Modern parallel programming models perform their best under the particular patterns they are tuned to express and execute, such as OpenMP for fork/join and Cilk for divide-and-conquer patterns. In cases where the model does not fit the problem, shoehorning of the problem to the model leads to performance bottlenecks, for example by introducing unnecessary dependences. In addition, some of these models, like MPI, have a performance model which thinly veils a particular machine's parameters from the problem that is to be solved.
We postulate that an expressive parallel programming model should not over-constrain the problem it expresses and should not require the application programmer to code for the underlying machine and sacrifice portability. In our former work, we proposed the Data-Driven Tasks model, which constitutes expressive and portable parallelism by only requiring the application programmer to declare the inherent dependences of the application. In this work, we observe another instantiation of macro-dataflow, the Open Community Runtime (OCR) with work-stealing support for directed-acyclic graph (DAG) parallelism.
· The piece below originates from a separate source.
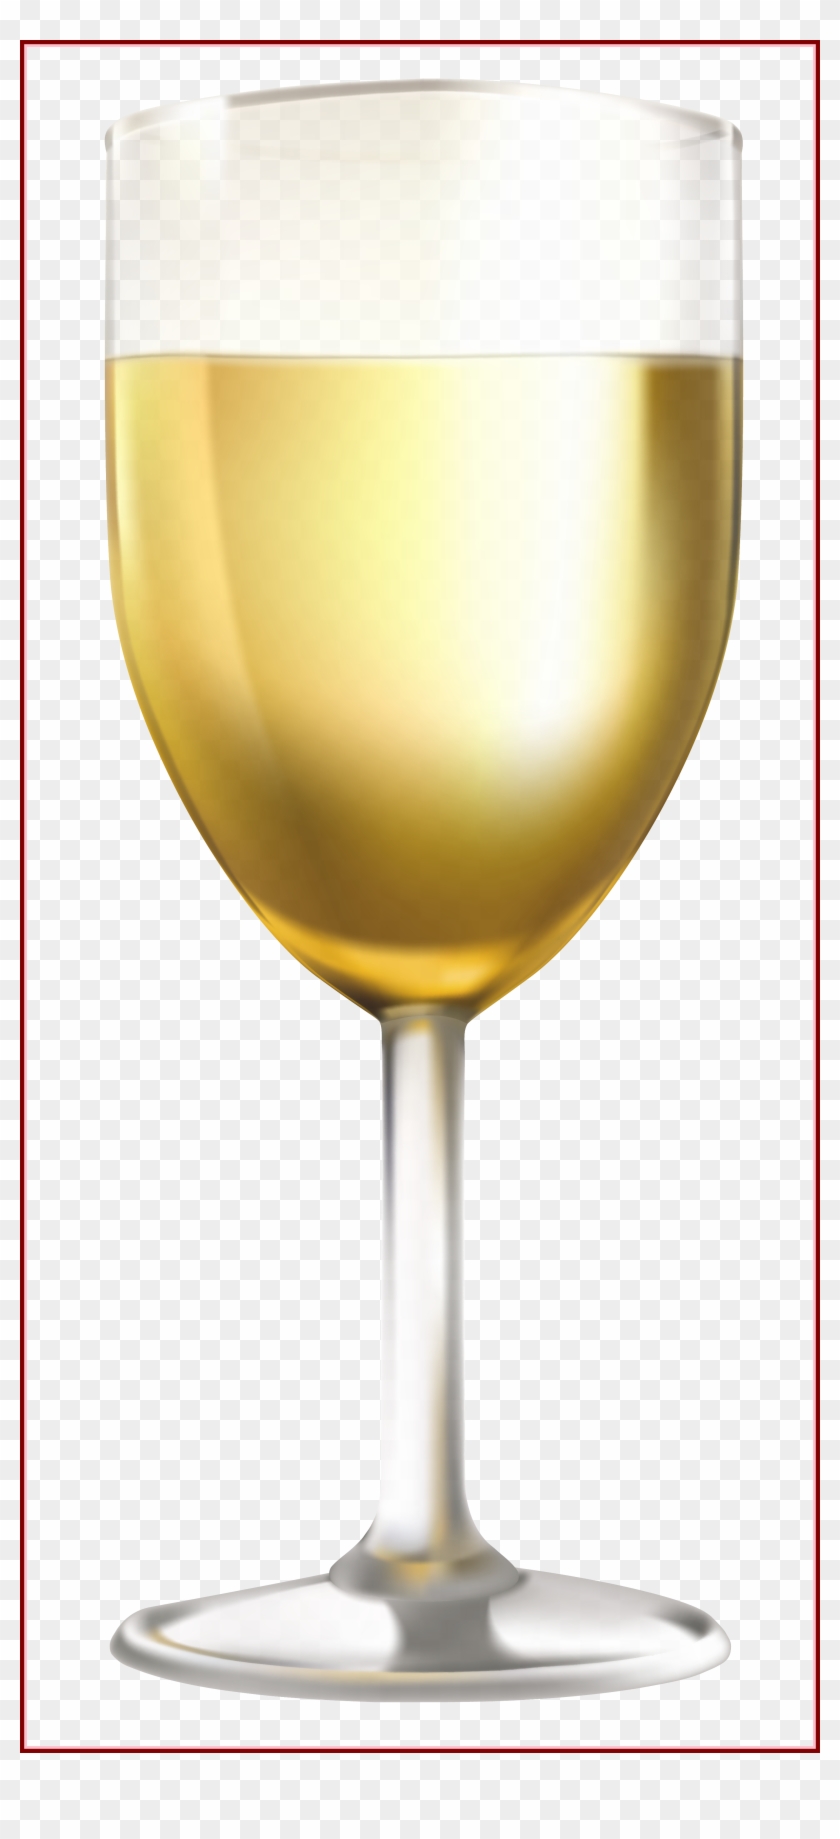 Amazing White Wine Glass Clip Art Image Pics Words - Wine Glass Clipart #777682

First, we assess the benefits of these macro-dataflow models over traditional fork/join models using work-stealing, where we match the performance of hand-tuned parallel libraries on today's architectures through DAG parallelism. Secondly, we address work-stealing granularity optimizations for DAG parallelism to address how work stealing can be extended to perform better under complex dependence graphs. Lastly, we observe the impact of locality optimizations for work-stealing runtimes for DAG-parallel applications.
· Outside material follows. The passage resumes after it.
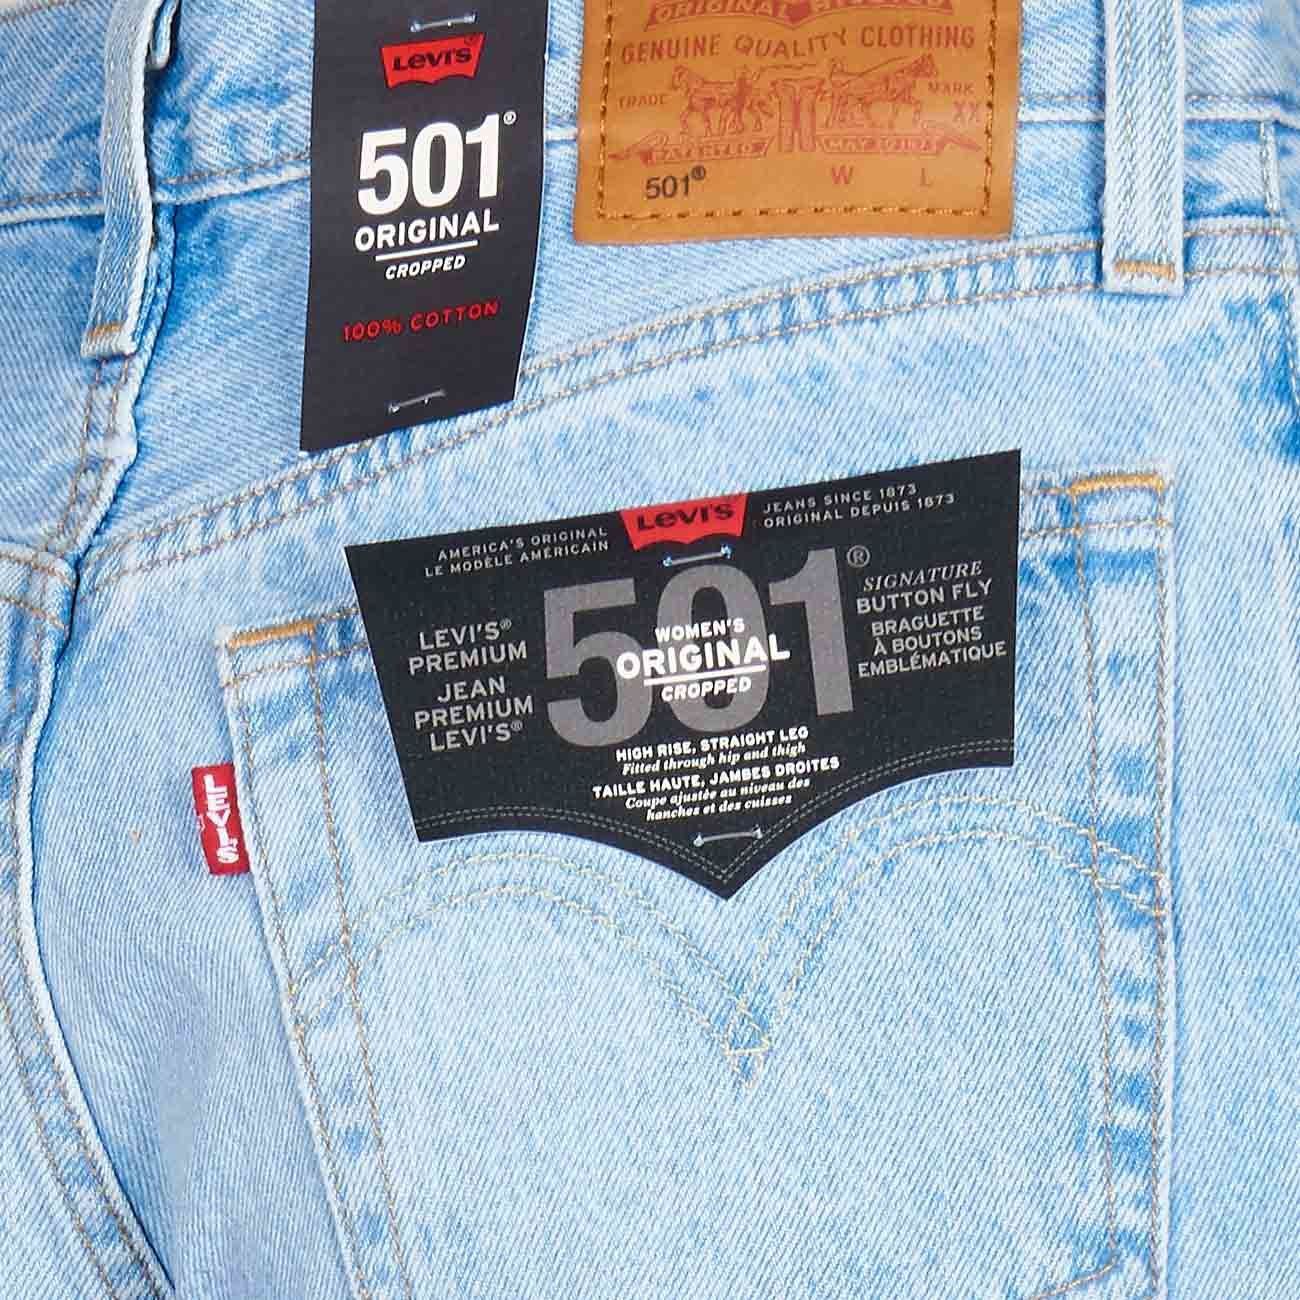 501 Original Cropped Jeans

On our path to exascale computations, the priority is shifting from minimizing latency to energy saving as the current trend makes powering an exascale machine very challenging. The trend of providing more parallelism to fit power budgets succeeds if applications can be declared to be more parallel and also scale. We argue that macro-dataflow is a framework that allows programmers to declare unconstrained parallelism. We provide an underlying work-stealing runtime to execute this framework for load balance and scalability, and propose heuristics to extend the default work-stealing approach to better perform with DAG parallel programs. We present our results on a multi-socket many-core machine and a many-core accelerator to showcase the feasibility of our approach on architectures signaling what future architectures may resemble.